Choosing a Proxy Metric from Past Experiments
Nilesh Tripuraneni, Lee Richardson, Alexander D'Amour, Jacopo Soriano, Steve Yadlowsky
TL;DR
The paper tackles the challenge of inferring a long-term outcome in large-scale A/B tests by constructing optimal short-term proxy metrics. It defines proxy quality as a correlation-driven objective that balances latent alignment with the long-term outcome and the experiment's noise level, and then reduces proxy selection to a portfolio-optimization problem over base proxies, with weights that adapt to the experiment's sample size. A hierarchical model denoises historical TE data to estimate latent covariances, which feed the optimization and yield a composite proxy that adapts to noise and improves decisions in new experiments. Evaluated on 307 real A/B tests from an industrial recommender system, the resulting composite proxy outperforms baselines in proxy score and proxy quality, demonstrating tangible gains in near-term decision-making while accounting for heterogeneity in experimental noise. Overall, the framework provides a principled, data-driven method to replace or augment long-horizon metrics with adaptive, information-rich surrogates that better guide product decisions.
Abstract
In many randomized experiments, the treatment effect of the long-term metric (i.e. the primary outcome of interest) is often difficult or infeasible to measure. Such long-term metrics are often slow to react to changes and sufficiently noisy they are challenging to faithfully estimate in short-horizon experiments. A common alternative is to measure several short-term proxy metrics in the hope they closely track the long-term metric -- so they can be used to effectively guide decision-making in the near-term. We introduce a new statistical framework to both define and construct an optimal proxy metric for use in a homogeneous population of randomized experiments. Our procedure first reduces the construction of an optimal proxy metric in a given experiment to a portfolio optimization problem which depends on the true latent treatment effects and noise level of experiment under consideration. We then denoise the observed treatment effects of the long-term metric and a set of proxies in a historical corpus of randomized experiments to extract estimates of the latent treatment effects for use in the optimization problem.
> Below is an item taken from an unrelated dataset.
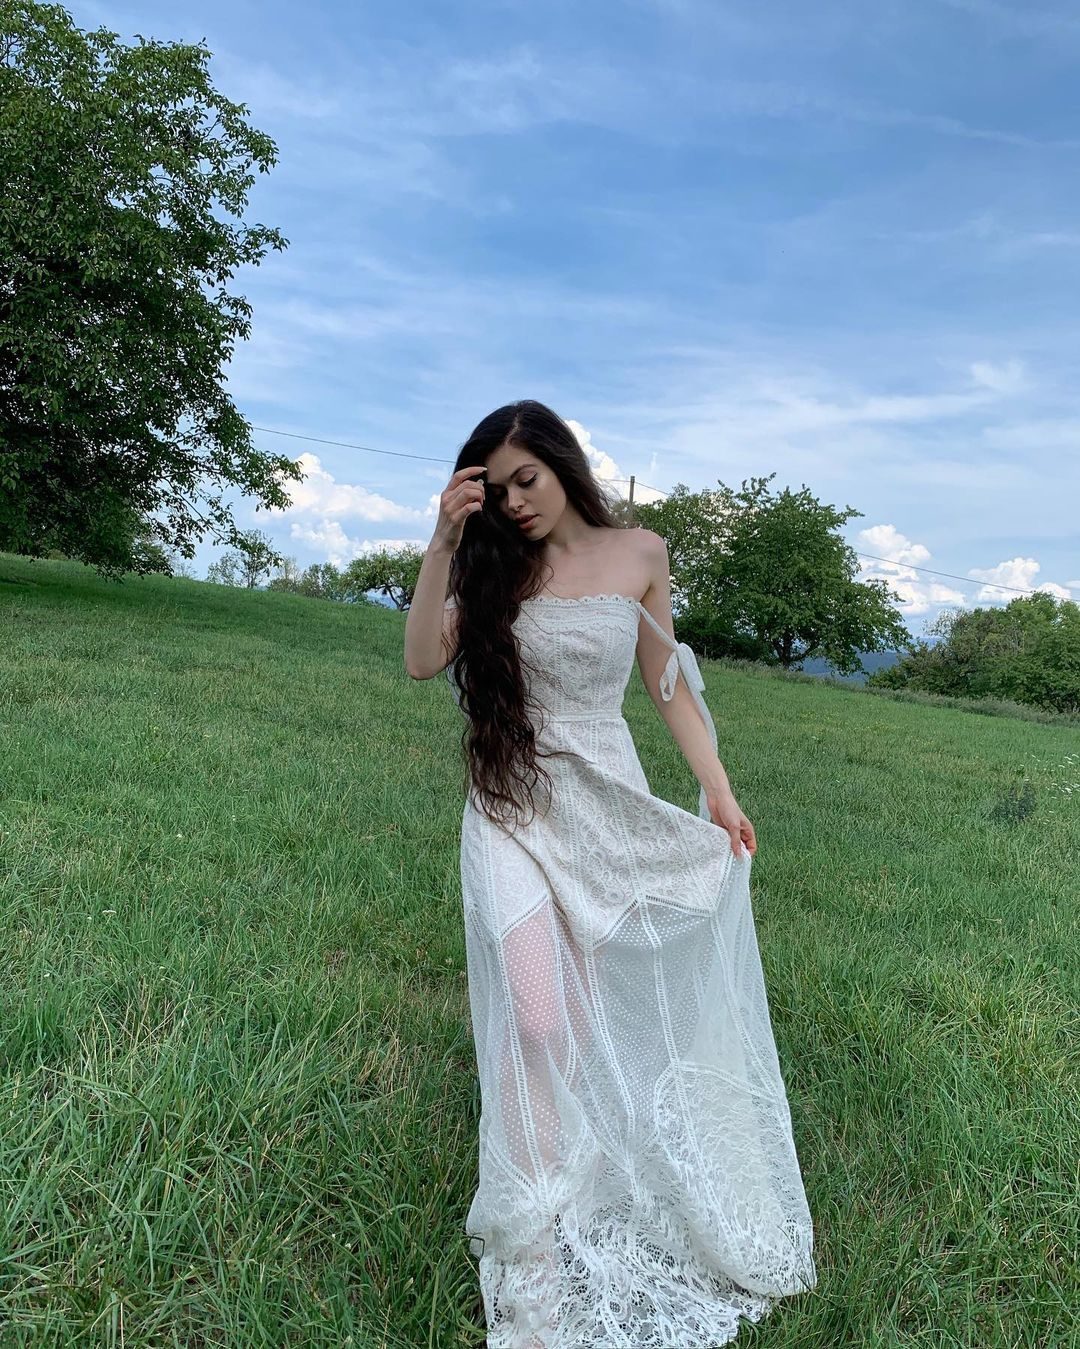 Gulcan Sahinur Twins On Instagram Enjoying Every Little Moment Dress Asyamodeasyagold Anzeige In 2021 Black Sequin Prom Dress Dresses Best Summer Dresses [ 1349 x 1080 Pixel ]

One key insight derived from our approach is that the optimal proxy metric for a given experiment is not apriori fixed; rather it should depend on the sample size (or effective noise level) of the randomized experiment for which it is deployed. To instantiate and evaluate our framework, we employ our methodology in a large corpus of randomized experiments from an industrial recommendation system and construct proxy metrics that perform favorably relative to several baselines.